The study was designed as a randomized, parallel-group, double-blind, placebo-controlled clinical trial. The first visit included recording of medical and migraine history, a physical examination and providing a detailed description of the study. Patients who fulfilled the inclusion criteria entered a 4-week baseline period without any prophylactic treatment. During the baseline phase all patients were qualified for randomization to metoprolol or placebo. The treatment period consisted of 3 months. During the first month the treatment began with the gradual increase of the metoprolol/placebo dose in steps of 50 mg (1/2 tablet) per week. Because of the controlled-release formulation of metoprolol, all patients took the medicine once in the morning. The maximal dose of 200 mg metoprolol (two tablets verum or placebo) was reached in week 4 of treatment. Treatment lasted an additional 2 months. After the third month of the treatment period a gradual decrease of the metoprolol dosage was performed, also in steps of 50 mg per week. During the baseline phase and the whole period of treatment the patients were required to keep a headache diary to record the following parameters: days on which a migraine attack occurred, duration of migraine attack in hours, intensity of headache (three assessment times per day using a visual analogue scale), dosage of all medications taken, and side-effects. Patients were allowed to use whichever other medication they found helpful for aborting migraine attacks. However, they were instructed not to change this medication or to try any new drug during treatment. During the baseline period the CNV was recorded twice: at the beginning and to the end of the baseline phase. Neurophysiological data were collected at the end of each treatment month.
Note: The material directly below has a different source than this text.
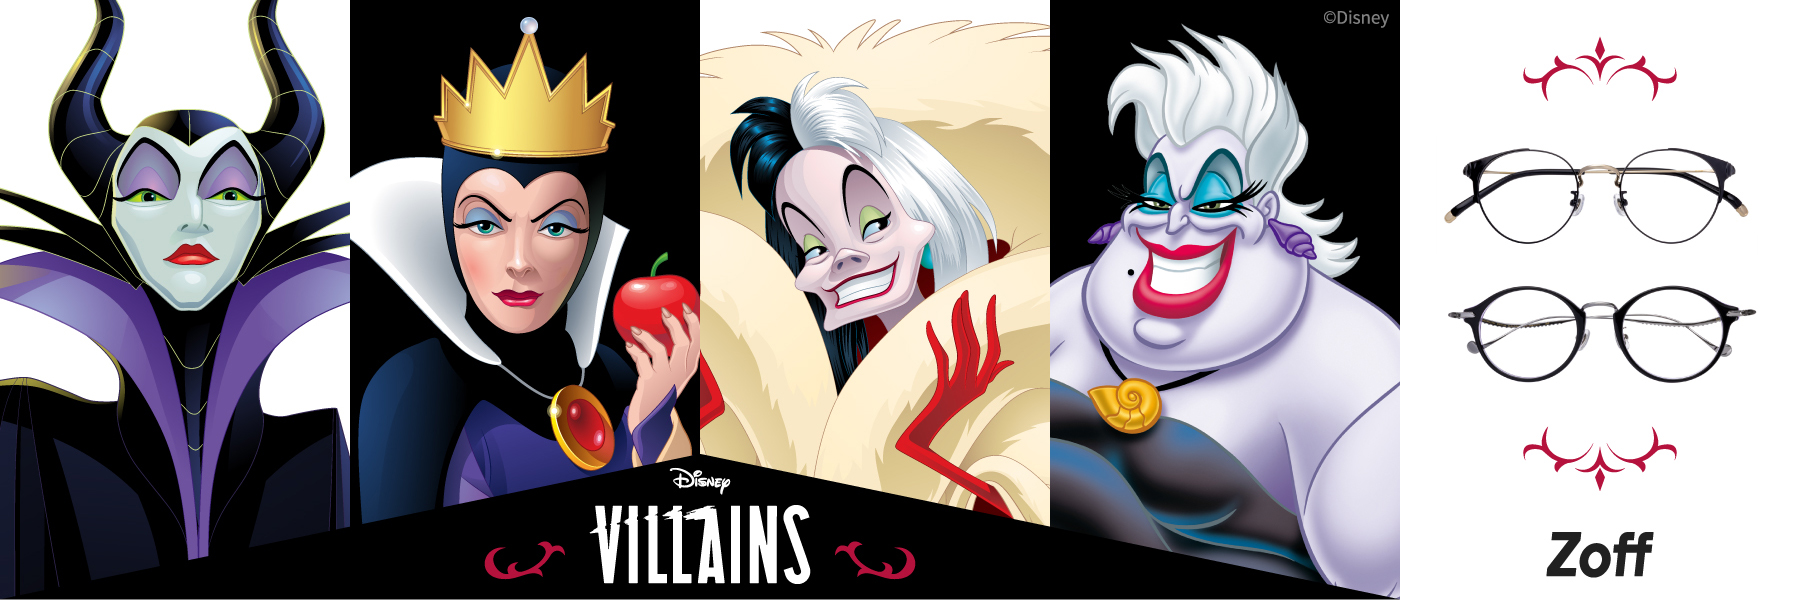 【Zoff初】ディズニーヴィランズがついに魅惑のメガネフレームに。「Disney Collection created by Zoff ”Villains”」

In general, five recordings (two baseline and three recordings under treatment) were performed for each patient.

Contingent negative variation

All participants were seated in an armchair with open eyes in an electrically shielded, sound-attenuated room. The auditory warning (S1) and imperative (S2) stimuli (75 dB(a)) were produced by a loudspeaker located behind the subject. The interval between S1 and S2 was 3 s. A CNV session consisted of 32 trials in which the subject had to react to the imperative stimulus (GO-response). Additionally, eight trials were randomly presented where no reaction was expected (NO-GO-response). The warning stimulus (S1) for the GO-response had a frequency of f = 1000 Hz and lasted 100 ms. The warning tone for the NO-GO-response had a frequency of f = 200 Hz. The imperative stimulus (S2) had a frequency of f = 2500 Hz, lasted a maximum of 1500 ms and was deactivated by pressing a button. Reaction time was defined as the period between onset of S2 and the pressing of the button. S1 and S2 pairs were offered at random intervals of 10–15 s. The duration of one recording was 6 s (the recording began 1 s before S1 and ended 2 s after S2). The period between recording onset and S1 was taken as the baseline for all measurements.
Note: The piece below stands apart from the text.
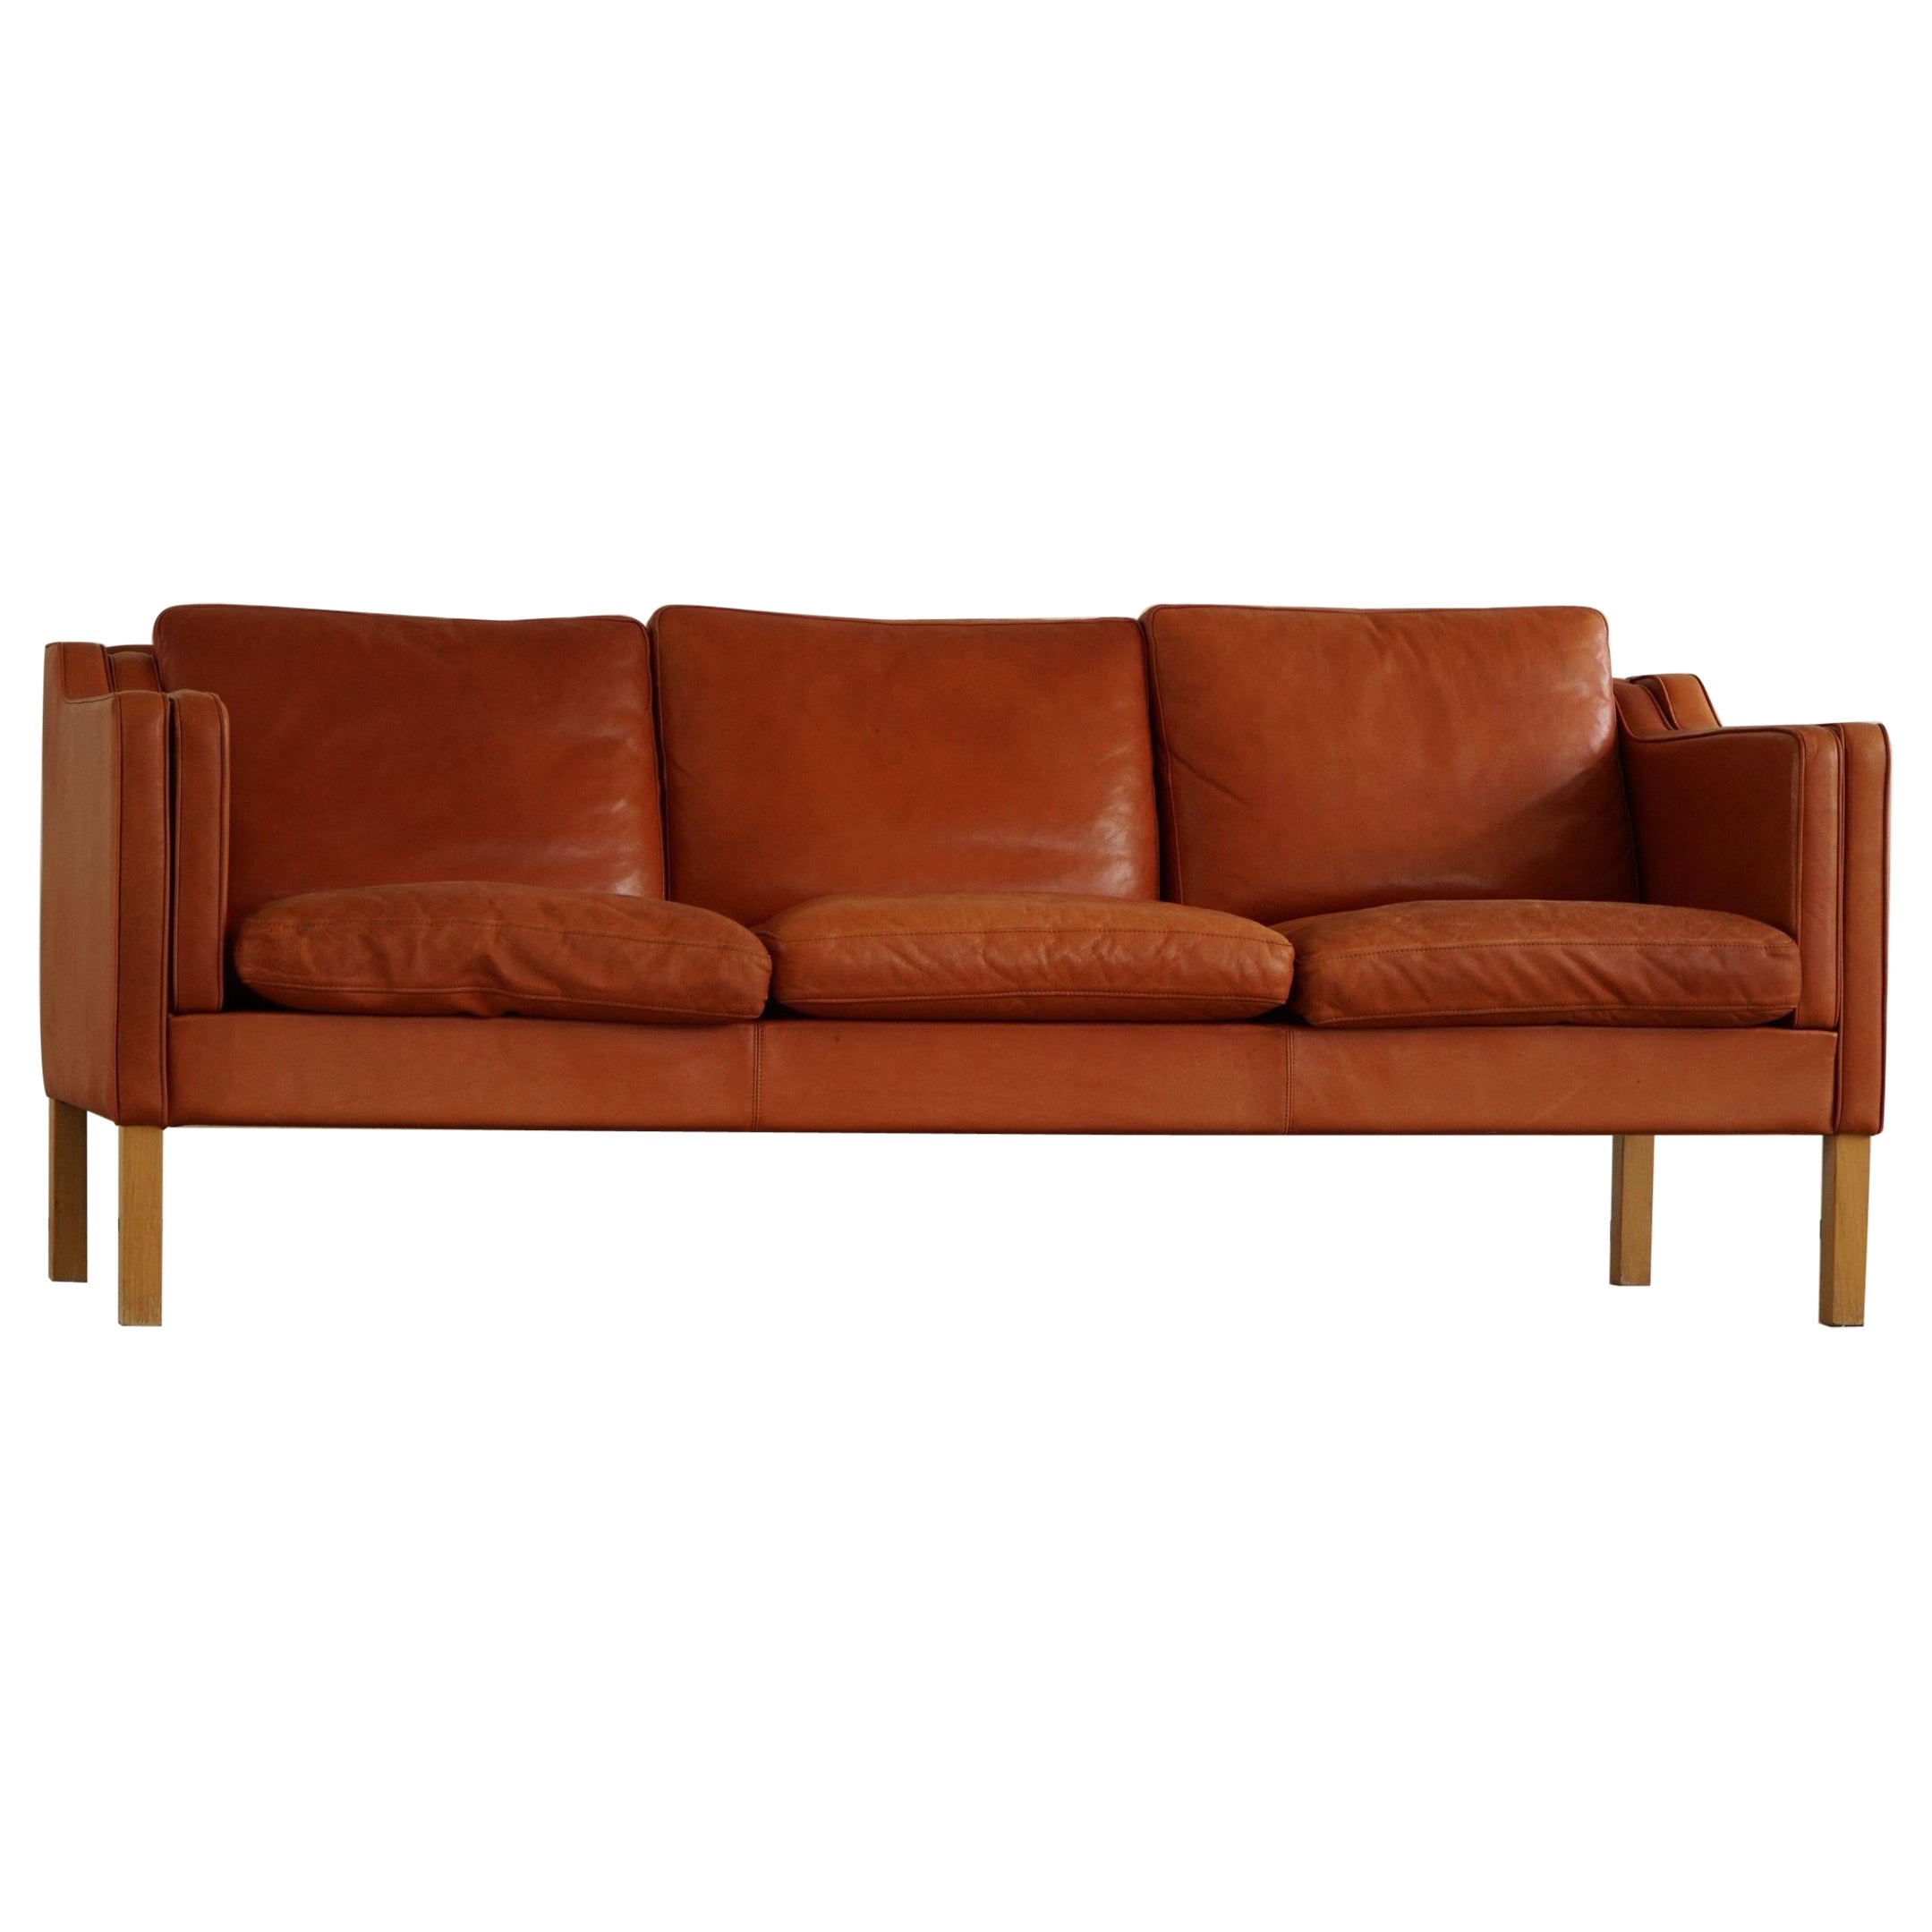 Classic Danish Mid Century Three Seater Sofa in Cognac Leather, Made in 1970s

The EEG was recorded using non-polarizable Ag/AgCl electrodes over Cz according to the International 10–20 System with linked mastoids as the reference. The electrode site on the scalp was prepared with alcohol and abraded with rough paper, resulting in an electrode impedance of <7 kΩ. The EEG signals were amplified using a Nihon Kohden amplifier with a time constant of 5 s (equivalent to a high-pass filter of 0.03 Hz) and a low-pass filter of 35 Hz digitized at a rate of 100 Hz for each channel. Vertical eye movement artefacts were excluded by a parallel recording of the electro-oculogram (EOG) with electrodes (Ag/AgCl) positioned 1–1.5 cm above and below the right eye. The trial was rejected if EOG deflections >20 µV interfered with 5 s of the EEG recording. A protocol listed the number of rejected trials for each recording. Approximately two to six (4.05 ± 2.16) of the EEG trials were rejected due to eye movement artefacts. There were no significant differences between groups according to the number of rejected trials.
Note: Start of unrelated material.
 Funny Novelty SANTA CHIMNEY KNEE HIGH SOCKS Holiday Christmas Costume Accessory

The GO-trails were averaged and the amplitudes of the total CNV, early CNV, late CNV and postimperative negative variation (PINV) were calculated. The total CNV was assessed between 500 and 3000 ms following S1. The early CNV component was defined as the mean amplitude in a window of 200 ms duration around the maximal amplitude of the expectancy wave between 550 and 750 ms after S1 (21). The late CNV component was the mean amplitude during the 200 ms preceding S2. PINV was the mean amplitude of CNV between 500 and 2000 ms following S2. Each recording was divided into eight blocks of four consecutive trials to determine the course of habituation and trends in the early CNV amplitudes. Only the habituation of the early CNV was considered because of its special relevance to migraine (10–12).

Statistical analysis of the CNV

Because the CNV data were normally distributed, characterized by homogeneous variances and correlated with each other, analysis of variance was used as the main data analytic tool. Two sets of analyses were employed. In the first, separate 2 × 4 anovas were applied for each CNV parameter. These anovas took the following form: a between-subjects factor ‘Group’ (two levels: metoprolol-CR vs. placebo) and a within-subjects factor ‘Session’ (four levels: the arithmetic mean of both baseline recordings and three recordings during the treatment phase). Post hoc comparisons were performed by using t-tests with appropriate Bonferroni adjustments to the α level.

The course of the early CNV habituation was estimated using a second anova. This approach has a preferential validity and sensitivity when compared with other mathematical models (22). This analysis was similar to that described above, but it included a third factor, labelled ‘Habituation’. This resulted in a 2 (Group: metoprolol vs. placebo) × 4 (Session: mean baseline recording and three recordings during treatment) × 8 (Habituation; eight blocks of CNV recordings, as described earlier) anova. Paired t-tests, with appropriate corrections, were employed for post hoc comparisons. Because the CNV varies corresponding to the time passed since the last migraine attack (12), this time has to be taken into account and has to be equal in each group and in each session. In order to control for this, the number of days from the previous attack and the day of investigation as well as from the day of investigation and the next attack was considered. These days were taken as dependent variables into the additional 2 × 3 anova with a between-subjects factor ‘Group’ (two levels: metoprolol-CR vs. placebo) and a within-subjects factor ‘Session’ (3 vs. 4 vs. 5 session).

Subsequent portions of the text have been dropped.